In medicine, it is often said that our patients are our best teachers. I did not understand the truth of this statement until autumn came and I returned to the classroom in New Haven. When we studied sickle cell anemia in hematology, I thought of Ruth, her description of the unrelenting pain in her joints and the stack of economics books at the foot of her bed. A pulmonologist delivered a lecture about pneumonias, and I pictured Emmanuel under that red blanket and remembered the differential diagnosis that Caroline, the intern, had recorded in small, angular letters in his chart. What I learned in Uganda comes not from graphs or tables, but from memories of faces and laughter and tears. It comes with memories of how lung fields full of pus feel and sound beneath my fingertips. It comes with memories of family members waiting anxiously at a loved one’s bedside for the team’s diagnosis.

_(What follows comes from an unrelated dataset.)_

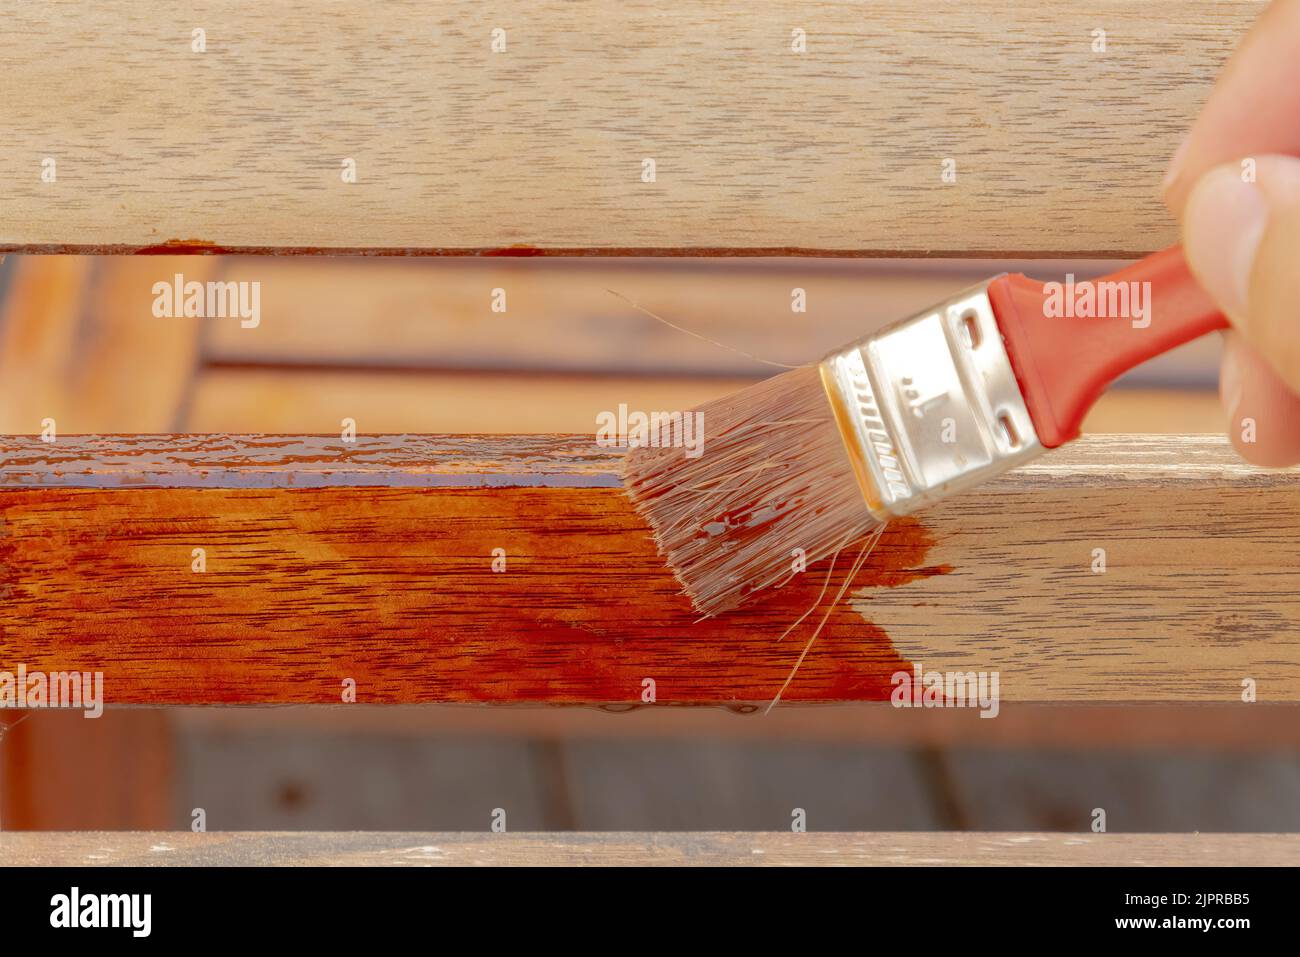 A wooden surface getting a red wood coating transparent penetrating oil. Stock Photo

This autumn, I walked to the hospital through piles of red and yellow leaves to see patients, again wearing my white coat and my stethoscope looped around my neck. After a summer spent in a hospital where poverty is inescapable and imbues every medical decision, where physicians debated the necessity of every test and every medication, Yale seemed a world apart. Physicians ordered blood chemistries and films and procedures without much thought of cost; sealed dressings, sutures, and surgical supplies were thrown away unused. Yes, cruel health inequalities exist in New Haven; barriers to care are insurmountable to many, most especially to the poor. But the poverty in Uganda was of a different breed. Patients routinely died of readily preventable, treatable, and even curable conditions: malaria, AIDS, routine infections, childbirth. If a patient could not get to the hospital, he would get no care at all. Everyone knows this, of course, and I knew this before I went to Uganda. But this knowledge now has a different quality to me; it is raw and visceral. I met patients who suffered and died unnecessarily. They died simply because of where they were born.
My journal is now full of lessons that my patients have taught me, patients whom I met in Uganda and here in New Haven. I still read and memorize charts and graphs and listen intently in lectures; but I now understand that until I have the memory of a patient’s face and his own words describing how a disease feels, I have not yet learned any medicine. More importantly, I understand that my patients have much more to teach me than simply medicine. The patients I met this summer taught me about the cruel and unforgiving power of poverty. The words of my professors come back to me again, as I flip through the pages of my journal. “Take in the whole patient. Do not focus solely on the patient’s physical findings or chief complaint.” I am beginning to understand what this means.